MEMORANDUM OPINION AND ORDER

KORNMANN, District Judge.

[¶ 1.] Harvey DuMarce, Kenneth Du-Marce, and Colleen Renville DuMarce (collectively “the plaintiffs”) instituted this action seeking, declaratory, injunctive and monetary relief against the United States, the Department of the Interior, and the Secretary of Interior, Gale Norton, (collectively “the government”), alleging that section 5 of the Sisseton-Wahpeton Sioux Act of October 19, 1984, P.L. 98-518, 98 Stat. 2411 (“the Act”), unlawfully took land in which the plaintiffs had, or would have had a legal interest, the taking being without just compensation and thus in violation of the Fifth Amendment to the United States Constitution. Small undivided interests in Indian allotments, instead of passing to the plaintiffs upon the death of their relatives, escheated to the United States to hold in trust for the Sisseton-Wahpeton Sioux Tribe.

[¶ 2.] The government, pursuant to Fed. R.Civ.P. 12(b)(1), filed a motion to dismiss, challenging this court’s jurisdiction. In addition, as an alternative, the government, pursuant to Fed.R.Civ.P. 56, filed a motion for summary judgment. The plain *1048 tiffs, in turn, have filed their own motion for summary judgment.

FACTUAL BACKGROUND

[¶ 3.] This case requires a “look back” to 1887. In that year, Congress passed the General Allotment Act of 1887, more commonly known as the Dawes Act, Ch. 119, 24 Stat. 388. The Dawes Act mandated the allotment of Indian reservation lands. See generally, F. Cohen, Handbook of Federal Indian Law, pp. 130-144, (1982 ed.). The purpose of allotment, according to its advocates, was to force Indians to abandon their traditional ways in order to “speed the Indians’ assimilation in American society.” Solem v.
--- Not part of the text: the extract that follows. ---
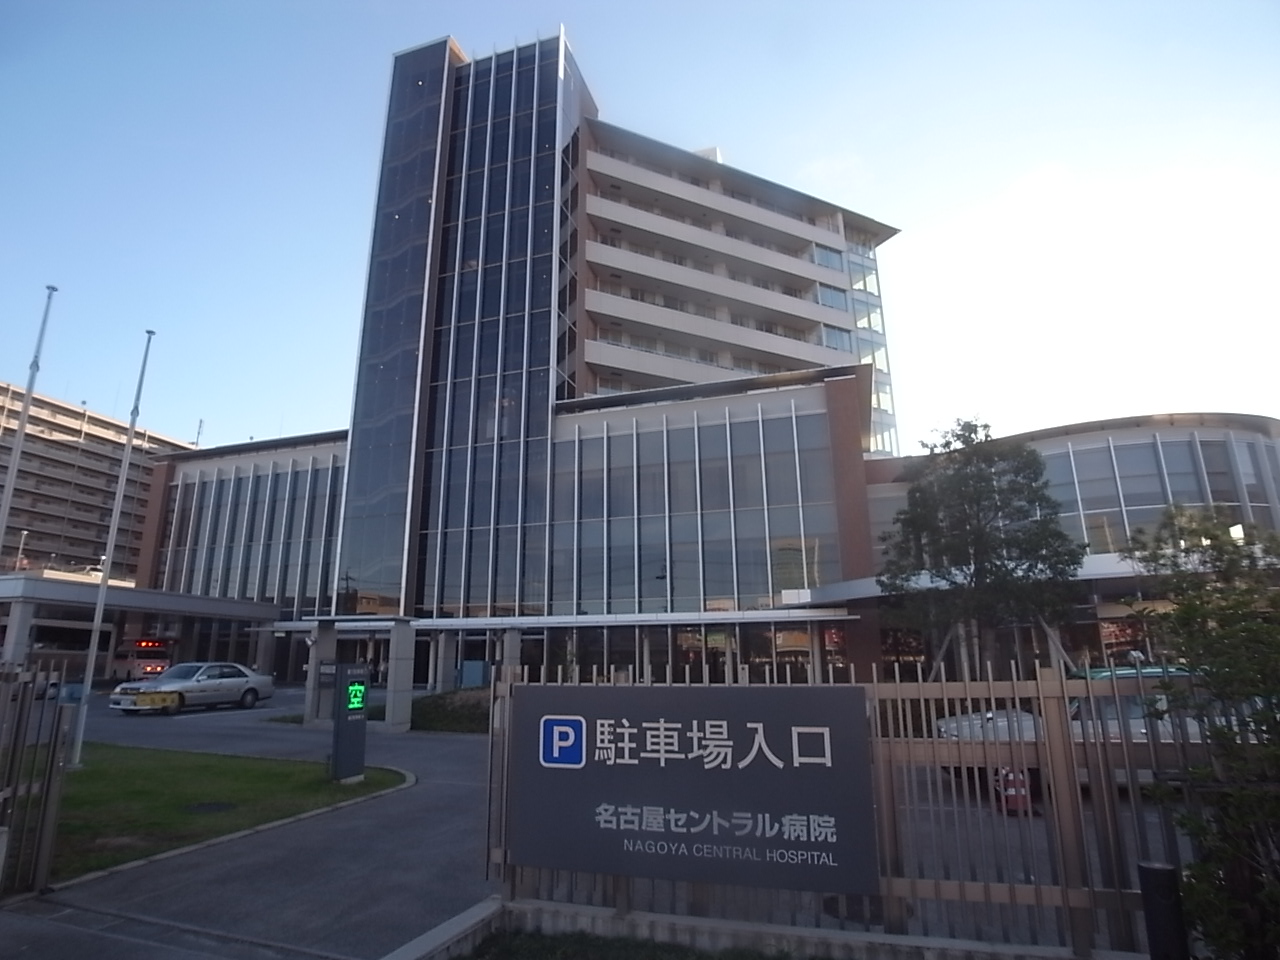 Hospital. 342m to Nagoya Central Hospital (General Hospital) (hospital)

Bartlett, 465 U.S. 463, 466, 104 S.Ct. 1161, 79 L.Ed.2d 443 (1984). More important, however, was the desire by allotment advocates to open up vast ranges of Indian reservation land for white settlement. See F. Cohen, supra, at 132 (stating that “[t]he pressure for Indian land was a powerful motivating force for the allotment policy”). Under the Dawes Act and a specific allotment act aimed át the Sisseton-Wahpeton Indian Reservation, Act of March 3, 1891, 26 Stat. 1035 (ratifying the ■ 1889 agreement 1 between the government and the Tribe), Congress allotted each Tribal member 160 acres. 25 Stat. 1035. In order to supposedly protect the allottees from selling their lands to white settlers at disastrous prices, the allotment statutes provided that the allotted lands were to be held in trust by the United States. See Hodel v. Irving, 481 U.S. 704, 707, 107 S.Ct. 2076, 95 L.Ed.2d 668 (1987). There was, at that time, a view that the bureaucratic framework generally operated to safeguard Indian ownership of the allotted lands. 2 Irving, 481 U.S. at 707, 107 S.Ct. 2076.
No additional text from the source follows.